Dans le taxi, sur le chemin du retour, je décide que le temps est venu de prendre ma retraite de pique-assiette. Quelques jours plus tard, en pleine séance de magasinage au centre-ville, je suis tentée par une affiche invitant les clients à une «soirée de shopping».

«Y'aura-t-il des bouchées et du vin?» Puis, à bien y penser, ça suffit. À la prochaine, mes amis les stars locales.

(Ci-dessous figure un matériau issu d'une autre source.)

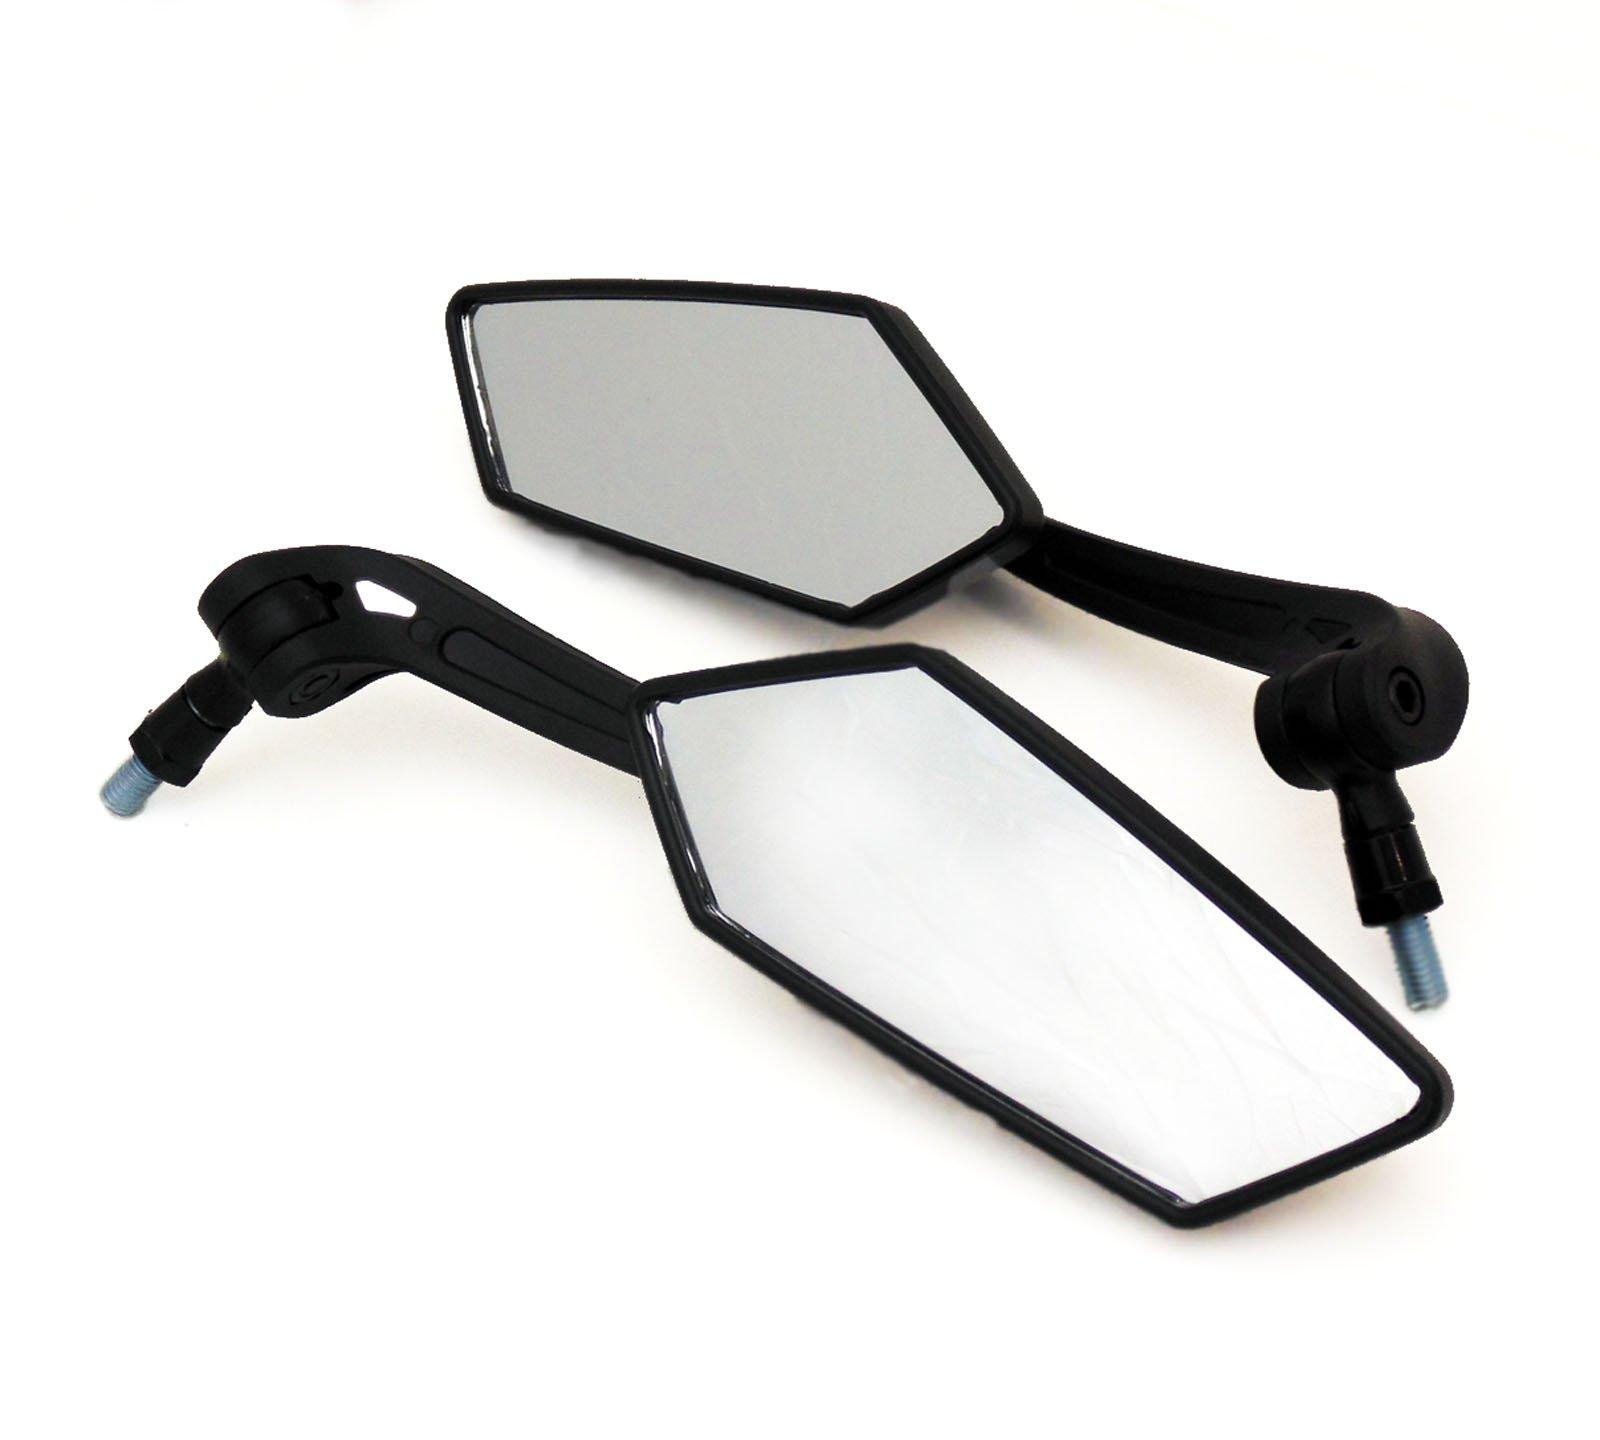 Universal Fit Adjustable Mirror Set - 8mm RH/RH Thread - Flat Black - Motorcycle Scooter (4238)

J'accroche ma petite robe noire de pique-assiette.

Pique-assiette

Définition

Pique-assiette (selon le Petit Robert): personne qui se fait partout inviter à dîner. «D'invité perpétuel, Pons passa à l'état de pique-assiette» (Balzac). Synonymes: écornifleur, parasite.

Le projet

Septembre étant la «haute saison» des lancements, nous nous sommes donné le défi d'infiltrer le circuit des partys montréalais dans les milieux de l'art visuel, la télé, la musique, la mode...

Objectif

Repérer les lieux et événements où l'on peut manger (et boire) gratuitement, espionner gentiment les vedettes locales, voir qui tweete compulsivement, démontrer qu'avec un peu de créativité, on peut tous les soirs remplir son agenda mondain...

Conclusion

Une carrière de pique-assiette, aussi alléchante soit-elle, demande de l'endurance, une certaine dose de front et la capacité à dire «non» au troisième service de vin gratuit.